[EXERCISE REQUIREMENTS]: Would you repeat every line of the data exactly?

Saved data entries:
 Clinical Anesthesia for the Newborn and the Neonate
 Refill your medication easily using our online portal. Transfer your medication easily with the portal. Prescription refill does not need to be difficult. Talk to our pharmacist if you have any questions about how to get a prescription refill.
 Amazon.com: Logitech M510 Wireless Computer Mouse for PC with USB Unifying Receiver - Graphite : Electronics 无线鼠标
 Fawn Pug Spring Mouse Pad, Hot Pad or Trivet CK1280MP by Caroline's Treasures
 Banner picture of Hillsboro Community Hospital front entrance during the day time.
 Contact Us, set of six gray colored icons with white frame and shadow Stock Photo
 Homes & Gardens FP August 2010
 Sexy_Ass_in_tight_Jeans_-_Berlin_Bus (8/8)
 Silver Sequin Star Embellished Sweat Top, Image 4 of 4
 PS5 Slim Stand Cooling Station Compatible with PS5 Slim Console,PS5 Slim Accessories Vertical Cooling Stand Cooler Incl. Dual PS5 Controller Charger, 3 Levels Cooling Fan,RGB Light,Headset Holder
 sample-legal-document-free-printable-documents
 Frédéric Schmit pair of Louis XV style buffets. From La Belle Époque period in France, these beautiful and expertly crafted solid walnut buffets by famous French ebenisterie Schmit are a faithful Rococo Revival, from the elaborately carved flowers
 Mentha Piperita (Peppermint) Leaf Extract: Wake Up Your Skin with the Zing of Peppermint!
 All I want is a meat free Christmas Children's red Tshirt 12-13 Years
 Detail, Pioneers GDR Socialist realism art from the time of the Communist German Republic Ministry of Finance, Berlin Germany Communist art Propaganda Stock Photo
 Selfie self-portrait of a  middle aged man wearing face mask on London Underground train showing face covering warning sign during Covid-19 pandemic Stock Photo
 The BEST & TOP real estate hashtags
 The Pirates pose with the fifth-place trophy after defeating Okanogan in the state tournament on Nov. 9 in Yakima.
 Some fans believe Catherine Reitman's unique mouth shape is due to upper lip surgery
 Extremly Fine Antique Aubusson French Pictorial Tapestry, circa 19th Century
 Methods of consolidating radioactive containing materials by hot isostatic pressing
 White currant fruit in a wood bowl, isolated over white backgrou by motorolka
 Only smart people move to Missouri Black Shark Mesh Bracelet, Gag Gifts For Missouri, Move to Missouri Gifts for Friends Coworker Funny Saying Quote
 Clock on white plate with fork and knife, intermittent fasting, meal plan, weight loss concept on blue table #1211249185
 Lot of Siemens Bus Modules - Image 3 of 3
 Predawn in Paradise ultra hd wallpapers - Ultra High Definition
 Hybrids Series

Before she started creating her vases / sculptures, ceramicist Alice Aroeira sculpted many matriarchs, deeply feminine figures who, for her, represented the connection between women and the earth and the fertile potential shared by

[EXERCISE SOLUTION]:
 Clinical Anesthesia for the Newborn and the Neonate
 Refill your medication easily using our online portal. Transfer your medication easily with the portal. Prescription refill does not need to be difficult. Talk to our pharmacist if you have any questions about how to get a prescription refill.
 Amazon.com: Logitech M510 Wireless Computer Mouse for PC with USB Unifying Receiver - Graphite : Electronics 无线鼠标
 Fawn Pug Spring Mouse Pad, Hot Pad or Trivet CK1280MP by Caroline's Treasures
 Banner picture of Hillsboro Community Hospital front entrance during the day time.
 Contact Us, set of six gray colored icons with white frame and shadow Stock Photo
 Homes & Gardens FP August 2010
 Sexy_Ass_in_tight_Jeans_-_Berlin_Bus (8/8)
 Silver Sequin Star Embellished Sweat Top, Image 4 of 4
 PS5 Slim Stand Cooling Station Compatible with PS5 Slim Console,PS5 Slim Accessories Vertical Cooling Stand Cooler Incl. Dual PS5 Controller Charger, 3 Levels Cooling Fan,RGB Light,Headset Holder
 sample-legal-document-free-printable-documents
 Frédéric Schmit pair of Louis XV style buffets. From La Belle Époque period in France, these beautiful and expertly crafted solid walnut buffets by famous French ebenisterie Schmit are a faithful Rococo Revival, from the elaborately carved flowers
 Mentha Piperita (Peppermint) Leaf Extract: Wake Up Your Skin with the Zing of Peppermint!
 All I want is a meat free Christmas Children's red Tshirt 12-13 Years
 Detail, Pioneers GDR Socialist realism art from the time of the Communist German Republic Ministry of Finance, Berlin Germany Communist art Propaganda Stock Photo
 Selfie self-portrait of a  middle aged man wearing face mask on London Underground train showing face covering warning sign during Covid-19 pandemic Stock Photo
 The BEST & TOP real estate hashtags
 The Pirates pose with the fifth-place trophy after defeating Okanogan in the state tournament on Nov. 9 in Yakima.
 Some fans believe Catherine Reitman's unique mouth shape is due to upper lip surgery
 Extremly Fine Antique Aubusson French Pictorial Tapestry, circa 19th Century
 Methods of consolidating radioactive containing materials by hot isostatic pressing
 White currant fruit in a wood bowl, isolated over white backgrou by motorolka
 Only smart people move to Missouri Black Shark Mesh Bracelet, Gag Gifts For Missouri, Move to Missouri Gifts for Friends Coworker Funny Saying Quote
 Clock on white plate with fork and knife, intermittent fasting, meal plan, weight loss concept on blue table #1211249185
 Lot of Siemens Bus Modules - Image 3 of 3
 Predawn in Paradise ultra hd wallpapers - Ultra High Definition
 Hybrids Series

Before she started creating her vases / sculptures, ceramicist Alice Aroeira sculpted many matriarchs, deeply feminine figures who, for her, represented the connection between women and the earth and the fertile potential shared by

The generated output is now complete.